Zijn Nederlandse mannen écht stiekeme smeerlappen die massaal kinderen misbruiken op vakantie?

zaterdag, 13 september 2025 (05:55) - Wynia's Week

In dit artikel:

De columnist maakt twee kritiekpunten: enerzijds bespot hij de manier waarop Femke Halsema met cijfers jongleerde door Nederlanders met een Nederlandse paspoort maar met migratieachtergrond (bijvoorbeeld Somaliërs en Afghanen) als ‘autochtoon’ te laten meetellen; Jan van de Beek corrigeerde die framing en maakte helder dat niet‑autochtonen sterk oververtegenwoordigd zijn bij zedenmisdrijven. Anderzijds ontkracht hij een recent NSCR-onderzoek dat stelt dat jaarlijks minstens 20.000 Nederlandse mannen in het buitenland kinderen seksueel misbruiken (TSK), en in totaal zo’n 150.000 daders zou tellen.

Belangrijkste punten over de NSCR-studie en waarom die onbetrouwbaar is:
- De cijfers zijn gebaseerd op een online-enquête van bijna 9.400 mannen, uitgevoerd via een commercieel internetpanel dat respondenten tegen een kleine beloning werft. Het onderzoeksbureau gaf geen informatie over non‑respons, waardoor representativiteit oncontroleerbaar is.
- Binnen die steekproef zei 6,3% van de deelnemers dat zij ooit als verdachte van een zedendelict bij de politie stonden. Dat percentage staat haaks op officiële CBS‑cijfers: er zijn in totaal slechts enkele duizenden mannelijke verdachten van zedendelicten in Nederland, wat een zeer veel lagere proportie oplevert. Deze discrepantie wijst erop dat de steekproef niet representatief is en mogelijk veel respondenten bevat die eerder betrokken waren bij seksdelicten of die de enquête niet serieus invulden.
- 214 respondenten verklaarden ooit in het buitenland seks met een minderjarige te hebben gehad. De onderzoekers extrapoleerden dat naar de hele mannelijke bevolking en kwamen zo op de genoemde 20.000 per jaar en 150.000 in totaal. De columnist betoogt dat die rekensom onhoudbaar is gegeven de vooringenomen steekproef en de onverklaarde hoge zelfmelding van politieverdachten.
- Er zijn vreemde patronen in de gerapporteerde bestemmingslanden: Noorwegen wordt net zo vaak genoemd als de Filipijnen, terwijl landen die bekend staan om kindersekstoerisme (zoals Cambodja) opvallend ontbreken. Ook klopt het beeld niet met het aantal daadwerkelijke aanhoudingen en veroordelingen in die landen, wat de plausibiliteit van de claims ondermijnt.
- De controles op serieuze deelname zijn zwak: alleen te snelle invullers werden geweerd en men haalde respondenten eruit die zelf aangaven de vragen niet serieus te hebben beantwoord. Dat is onvoldoende om trolling, fantasierijke antwoorden of meervoudige accounts uit te sluiten.

De columnist concludeert dat het NSCR-rapport geen betrouwbare basis biedt om te stellen dat 1 op de 45 Nederlandse mannen kindersekstoerist is.

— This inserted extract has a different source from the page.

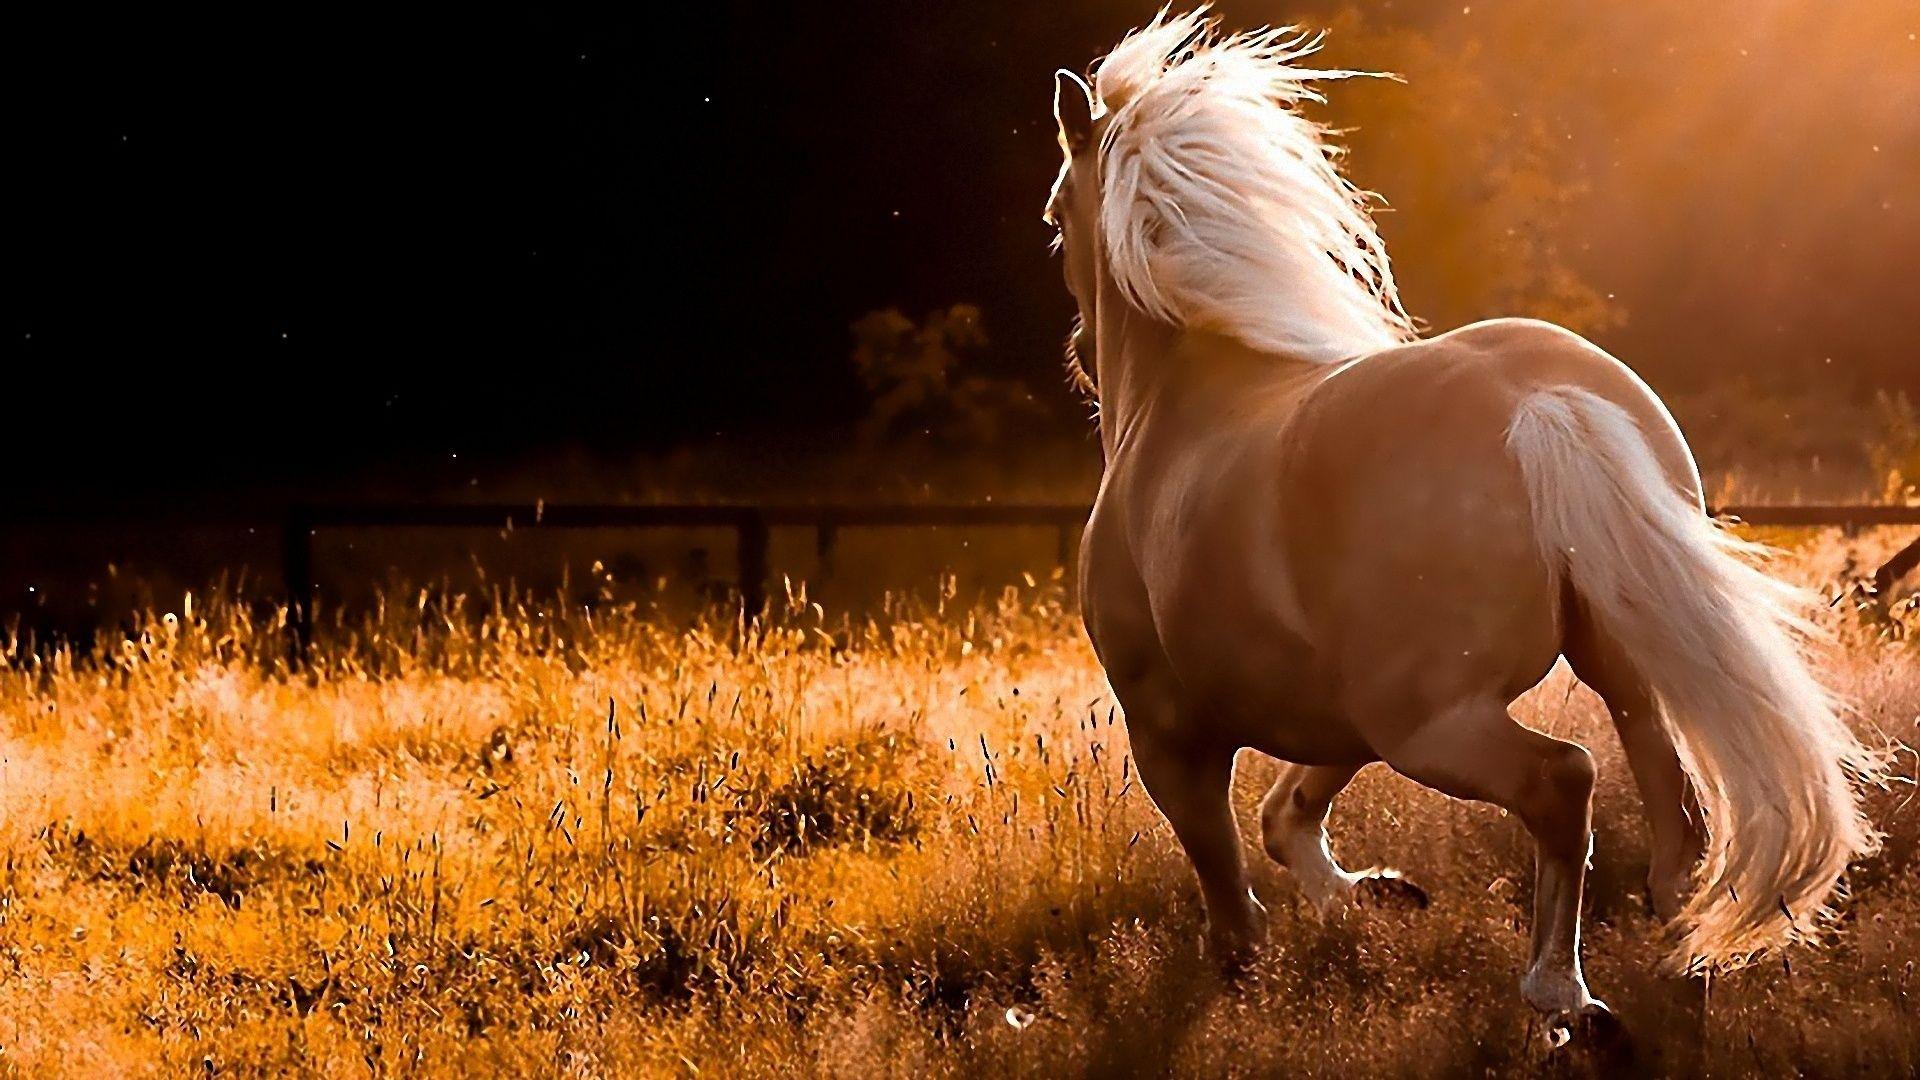 free wallpaper horses

Zulke overdreven, slecht gefundeerde cijfers kunnen wel leiden tot massale veralgemeningen en het collectief beschuldigen van alle mannen — iets wat hij ook bij de “woke”-reacties signaleert, waarbij het gesprek wordt teruggebracht tot “alle mannen zijn potentiële daders”. Tegelijk benadrukt hij dat transnationaal seksueel misbruik en kindermisbruik serieuze misdrijven zijn die hard moeten worden aangepakt; echte daders verdienen zware straffen en beleid moet gebaseerd zijn op zorgvuldig, controleerbaar onderzoek, niet op fluctuerende online‑panelen en onverklaarde extrapolaties.

Kortom: de columnist waarschuwt tegen het blind overnemen van spectaculaire onderzoeksuitslagen zonder aandacht voor methode, representativiteit en plausibiliteit, omdat dat zowel de publieke discussie als beleidsvorming kan vervormen.